The patient then underwent left pneumonectomy with complete lymph node dissection, because of enlarged bulky lymph node (20 mm) in the left hilum (Fig. 1E). Grossly, the left lung showed two small solid masses in the left S6 area and the S9 area with a thin‐walled cavity, respectively, with one enlarged lymph node in the left hilum (Fig. 2A). Microscopically, the tumour arose from a thin‐walled cavity (Fig. 2B) and consisted of large atypical epithelial cells with extensive lymphocytic infiltration (Fig. 2C–E), and left hilar lymph node metastasis was confirmed. Despite the negative result for EBV‐encoded small ribonucleic acid 1 (EBER1), the definitive diagnosis of this case was pulmonary LELC and pathologically staged as T3N1M0 IIIA. Adjuvant chemotherapy was not performed owing to pneumonectomy. Brain metastasis and multiple pulmonary metastases occurred 3 months postoperatively. Despite the administration of gamma knife and four courses of platinum doublet chemotherapy including carboplatin plus pemetrexed, the patient died 6 months after the surgical treatment.

Figure 2

Macroscopic pictures showing the S6 tumour, hilar lymph node, and S9 tumour with a thin cavity (A). Microscopic pictures showing tumour arising from a thin‐wall cavity (B) and consisting of large atypical epithelial cells with extensive lymphocytic infiltration on H&E staining (C), cytokeratin staining (D), and leucocyte common antigen staining (E).

Discussion

Primary pulmonary LELC, which is a rare malignant tumour constituting approximately 0.92% of all lung cancers, is an undifferentiated carcinoma and is known to have a close association with EBV infection in Southeast Asian countries 3. A review of the literature has shown less than 300 cases reported with about 20 cases from the Western population. Previous studies of Chinese cases showed that pulmonary LELCs had a better prognosis than non‐LELC lung cancers because of their good response to chemotherapy and irradiation, even though about 40% of the patients with pulmonary LELC had unresectable disease at diagnosis 3, 4. Most of the patients were young, women, and non‐smokers, and most tumours were centrally located, in their early or locally advanced stages, and received multi‐modality treatment. Almost all of the Chinese patients (>90%) had EBER‐positive tumours. However, an association of pulmonary LELC with EBV infection has not yet been confirmed among Caucasians 5. For Japanese patients, distant metastasis has not been observed at diagnosis, most tumours were peripheral, the proportion of male patients was higher, and the association of EBV with the tumours was less frequent. Therefore, these LELC might be thought as a subtype of LELCs in Southeast Asian. In Japan, there have apparently been no reports describing the rapid progression of pulmonary LELC as reported in the present case.

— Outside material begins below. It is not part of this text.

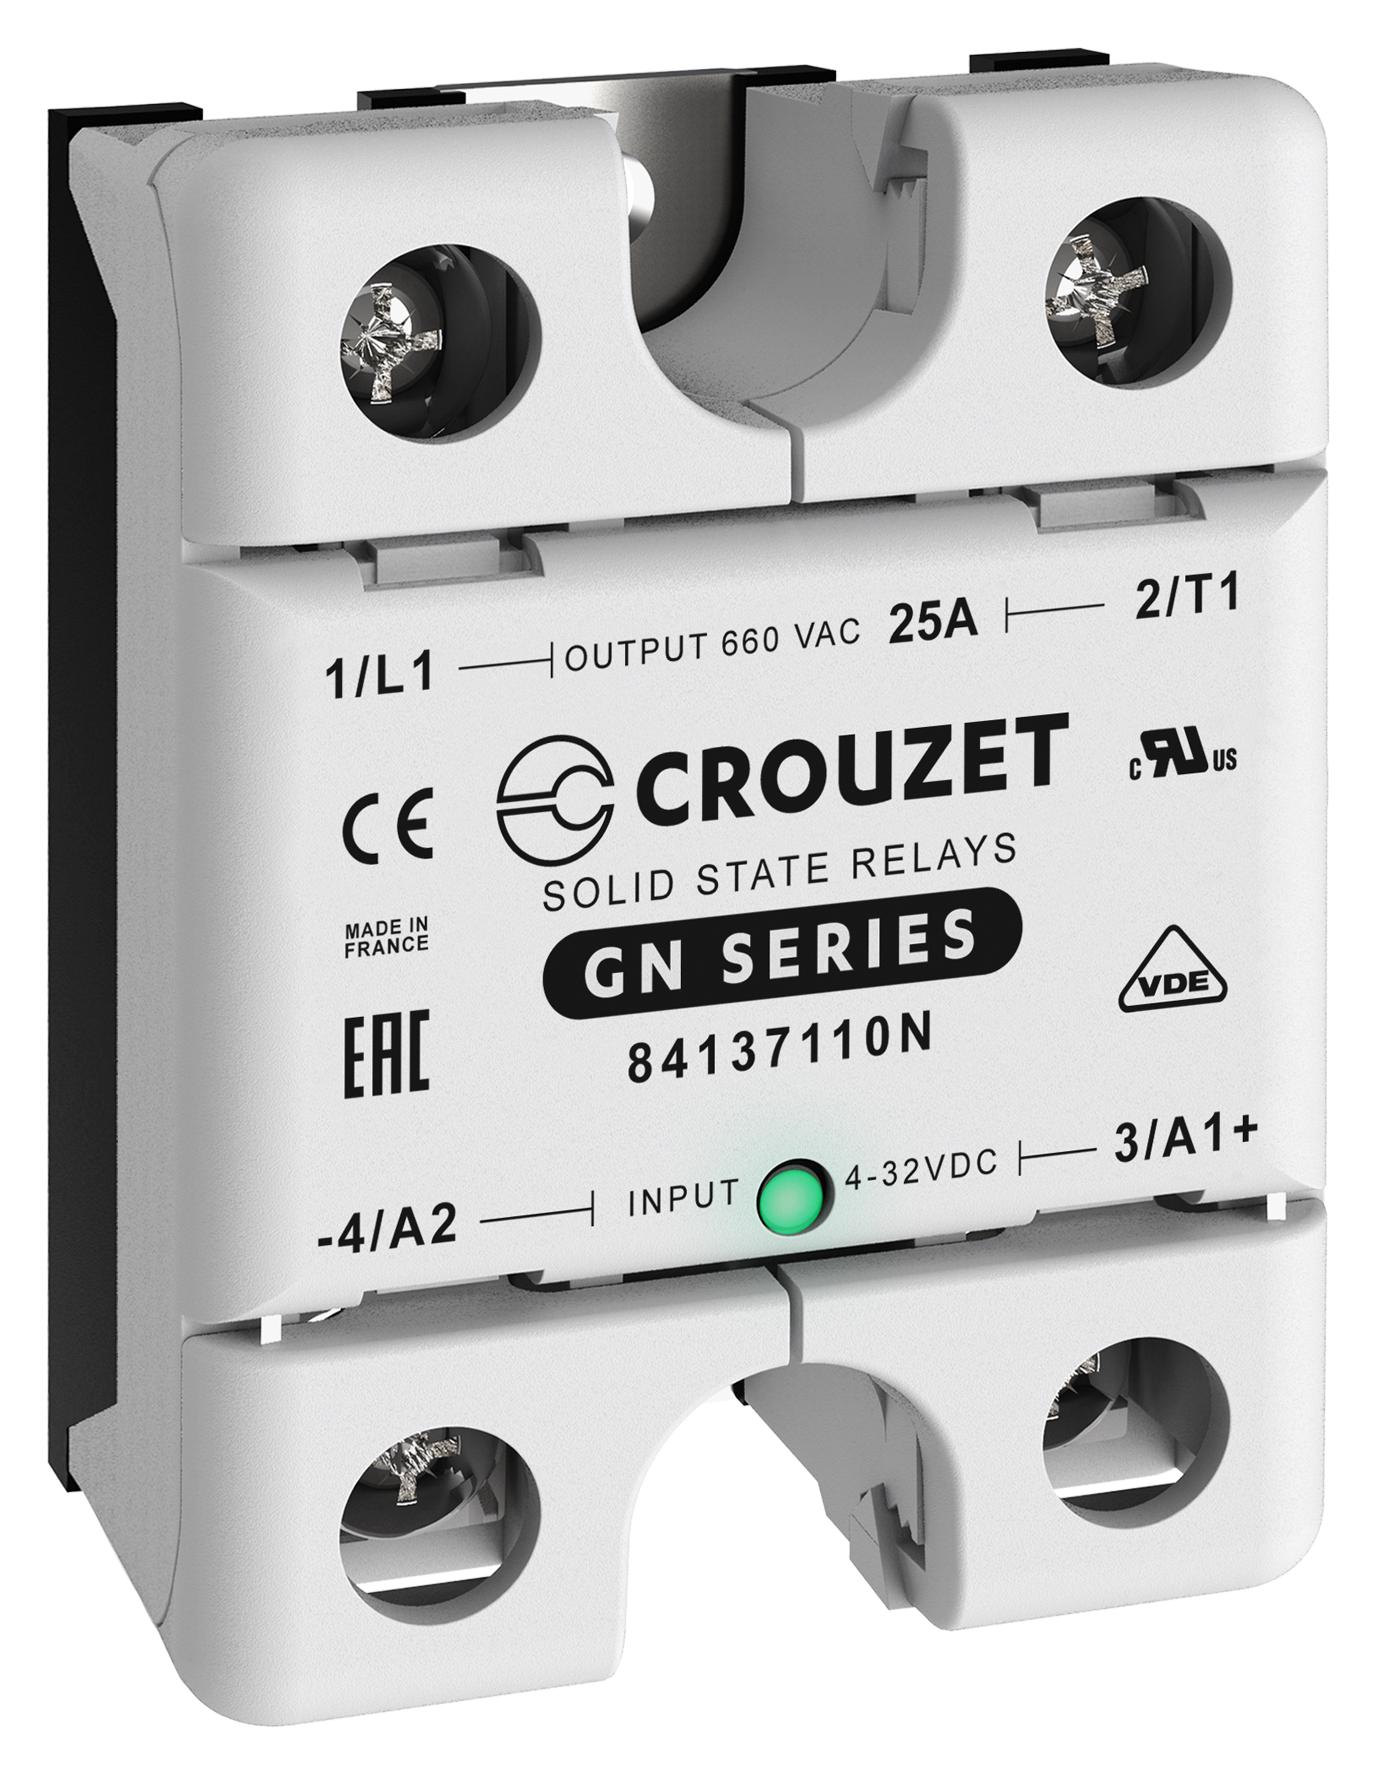 Crouzet 84137110N Solid State Relay, 25A, 48-660Vac, Panel

The radiological features of LELC have been described as non‐specific. Recently, the CT findings of primary pulmonary LELC of the largest cohort of 41 patients have been reported 5. Pulmonary LELC usually appears as a large, central, well‐defined, and lobulated solid tumour with vascular or bronchial encasement and obstructive pneumonia, which is indistinguishable from other types of NSCLC. Here, we report a rare case of LELC presenting as a thin‐walled cyst with a smooth inner surface and showing rapid tumour progression over several years. To the best of our knowledge, these unusual CT findings have never been reported to date.

Several reports have described the detection of EBV DNA in the blood of patients with pulmonary LELC, which is considered to be clinically significant. Thus, EBV DNA in the blood can be thought of as an effective surrogate tumour marker. Unfortunately, EBER was not detected in the tumours of the present case. Therefore, the association between the blood EBV DNA level and the clinical course was not clarified. The detailed demographic and clinicopathological features of LELC, including features associated with race and EBV DNA blood level, should be carefully clarified.

Disclosure Statements

No conflict of interest declared.

Appropriate written informed consent was obtained for publication of this case report and accompanying images.

Funding Statement

This study was supported by a Grant‐in‐Aid for Scientific Research, Japan Society for the Promotion of Science (24592104), Ministry of Education, Culture, Sports, Science and Technology, Japan.